In the French-held security zone in southwestern Rwanda, there has been a sudden outbreak of destruction. The Hutu people who stayed -- believing the presence of French troops made them safe -- have been pillaging their hospitals, factories, hotels, public buildings, shops. In some places, the economic structure of daily life has been wrecked overnight.
A correspondent of the Paris daily Liberation quotes a medical assistant at what had been the modern hospital in the town of Bushenge: "It was like a collective suicide." Suddenly, she reported, people said to one another, " 'We have to go, to hide.' " Local officials, the powerful, those with means, went first, then the rest.
They went because they heard that the French may leave in August when France's U.N. mandate in Rwanda runs out. The United Nations is supposed to send troops to replace the French, but they do not trust that to happen.
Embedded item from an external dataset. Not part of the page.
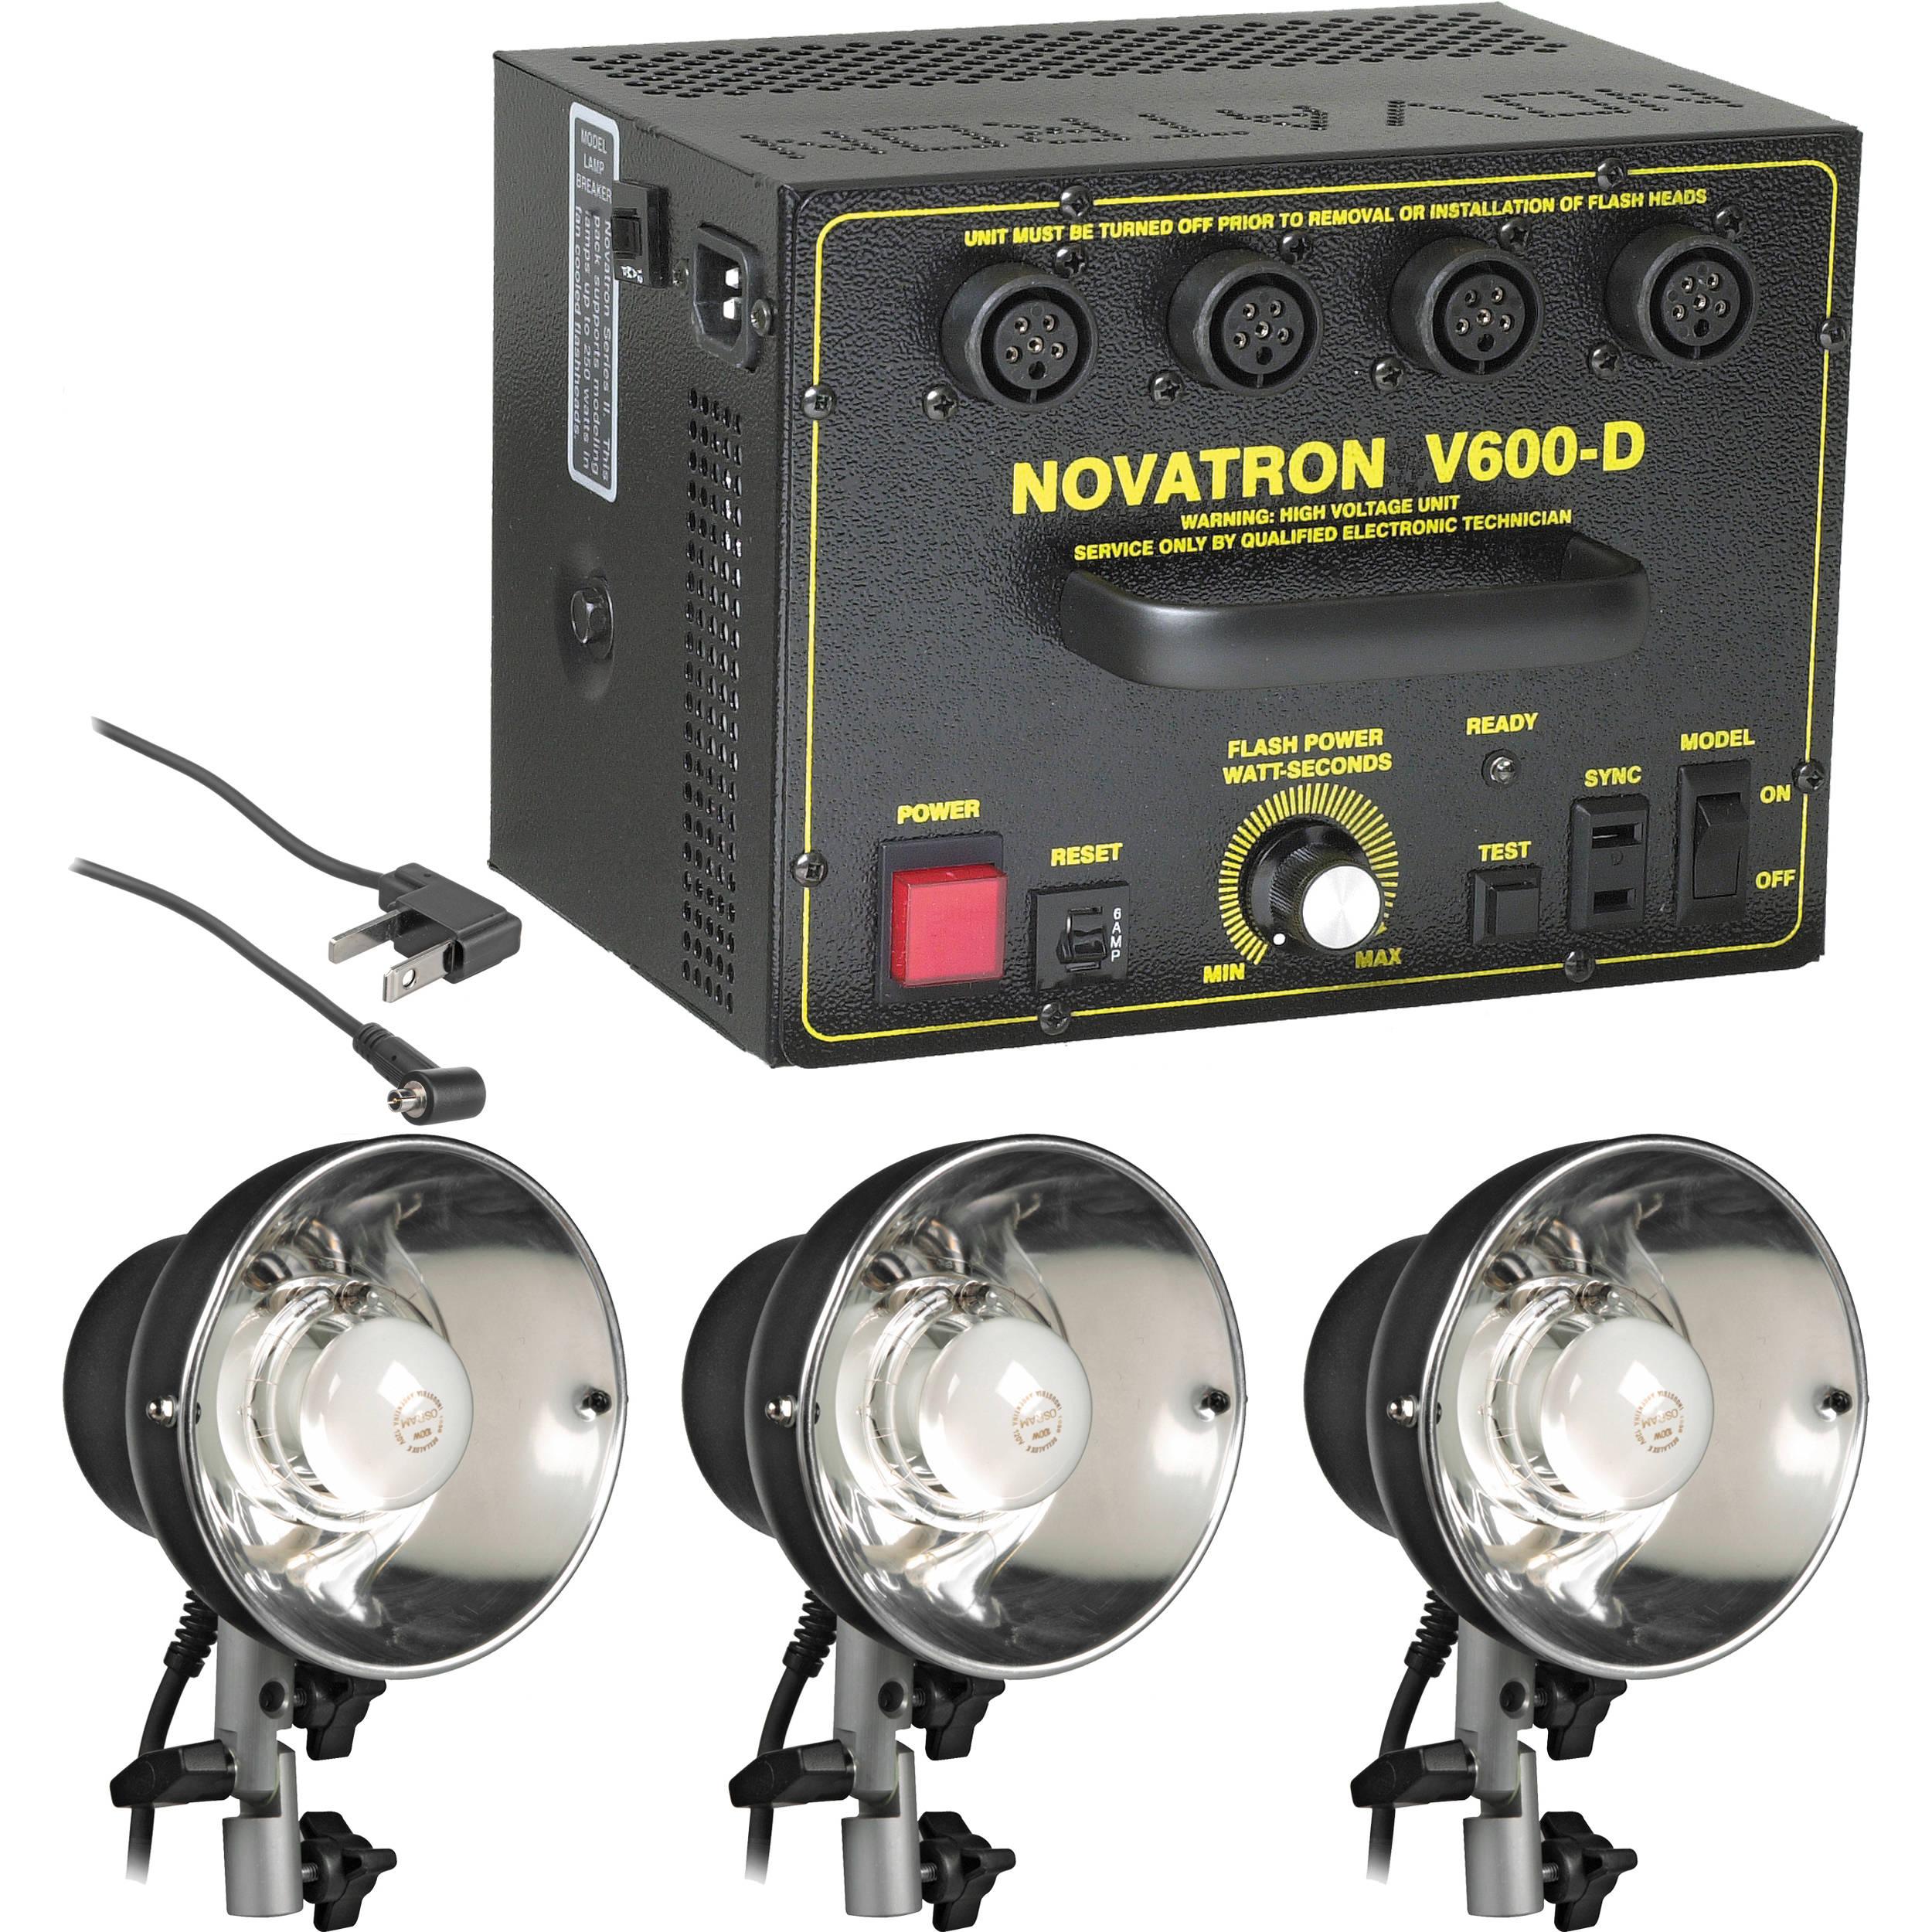 Novatron V600-D 600 W/S 3- Light Kit No Umbrellas Stands  sc 1 st  Bu0026H & Novatron V600-D 600 W/S 3- Light Kit No Umbrellas NPHGV6003 Bu0026H azcodes.com

The exodus from their part of the country threatens to resume at the same time that in the north, at Goma and the other refugee camps in Zaire, the aid agencies are beginning to convince some of the afflicted hordes of refugees to go home, to where the harvest is ripening.
Elsewhere in Rwanda, in the areas held by the new Tutsi-led government, no one seems entirely certain what is going on. There have been some reassuring reports and promises of impartial treatment. On the other hand, International Red Cross officials in the Rwandan capital of Kigali have expressed "disquiet" at the lack of information available on the fate of prisoners taken by the Rwandan Patriotic Front's forces. U.N. officials decline comment on reported "disappearances."
Much of the country now is empty of civilians; it has become a forbidden security zone. Journalists at Rwanda Radio who agree to work for the new government are given political "re-education," in which "imperialism" is held responsible for Rwanda's plight. The tragedy of Rwanda has yet to find its conclusion.
That many Rwandans seem to have abandoned themselves to their own destruction has an uncanny quality. Possibly it is simple resignation to the inevitability of being done to as they themselves did to others a few days earlier. Revenge is inexorable. Something of this can be encountered in Bosnia with drunken bands of ordinary men fresh from the murder of their neighbors. They, too, have seemed the damned who knew they were damned. "The gale of the world" -- as the wartime
Chetnik leader Draja Mihailovic put it -- has "carried [them] away."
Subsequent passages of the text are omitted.